Yzak mengangkat salah satu alisnya. Gadis ini blak-blakan juga rupanya dan obrolan mereka sekarang adalah obrolan panjang yang pernah terjadi diantara mereka pertama kali. Yzak memang datang dengan Shinn dengan alasan pemuda itu mungkin bisa menjadi mediator yang baik atau menunjukkan jalan selama di ORB namun pemuda beriris merah itu masih ada konflik batin yang belum selesai dengan Negara netral ini. 'Dasar bocah masa puber!' pikir Yzak.
"Daripada itu, ada baiknya Anda menikmati waktu Anda di ORB. Banyak tempat yang bisa Anda kunjungi. Mungkin secangkir teh hangat? Teh dan kopi merupakan salah satu produk utama Pulau Yalafath dan banyak kafe yang menyajikan teh yang enak khususnya untuk cuaca seperti ini," ucap Cagalli. "Ah tapi kelihatannya Anda tidak cocok untuk sebuah Afternoon Tea atau Tea Time bukan?" duga Cagalli.
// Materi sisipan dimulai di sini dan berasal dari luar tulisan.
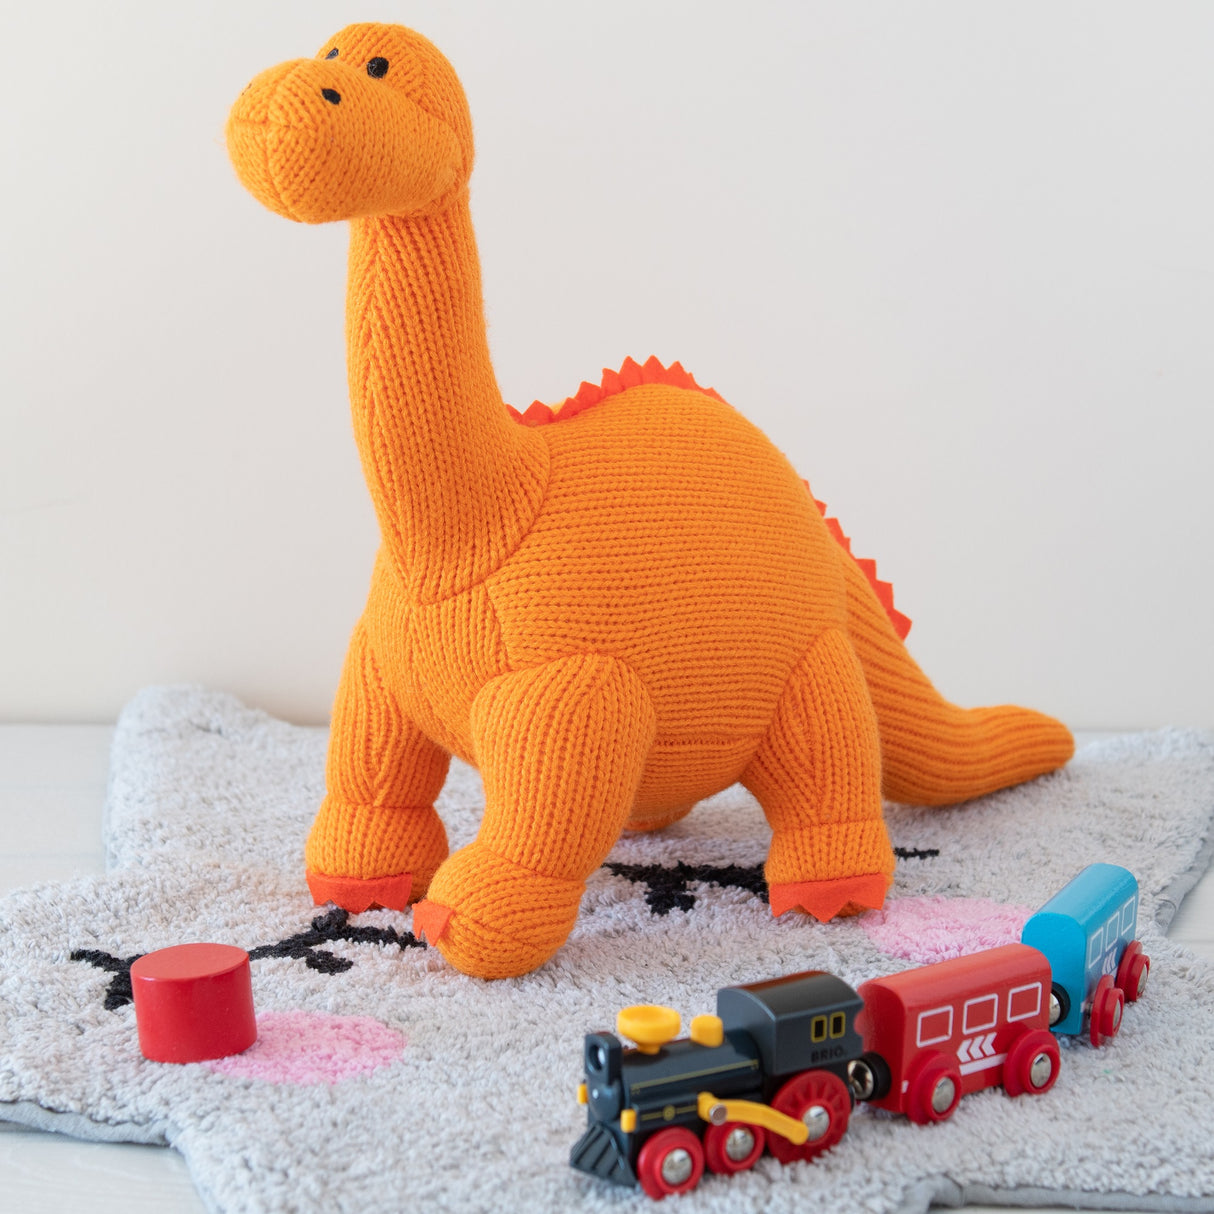 Diplodocus Dinosaur Soft Toy Large - Knitted Organic Cotton - Large - Orange

Yzak mendengus, "Apakah Anda baru saja mengundang saya untuk secangkir teh?" Dia lalu memasukkan tangannya ke saku pakaiannya. Udara dingin ORB benar-benar tidak dpaat diprediksi.
"Hmm? Menurut Anda?" tanya Cagalli.
Yzak menghela napas. "Dibandingkan secangkir teh, mungkin secangkir kopi hitam untuk Coffee Break bukan suatu hal yang buruk," ucapnya. "Seperti yang Anda bilang, manusia hanya bisa berencana. Kalau memang teh hanya bisa diminum disaat-saat tertentu maka ada baiknya kita memilih yang lebih pasti, yaitu kopi."
Cagalli tersenyum, "Akan saya ingat baik-baik."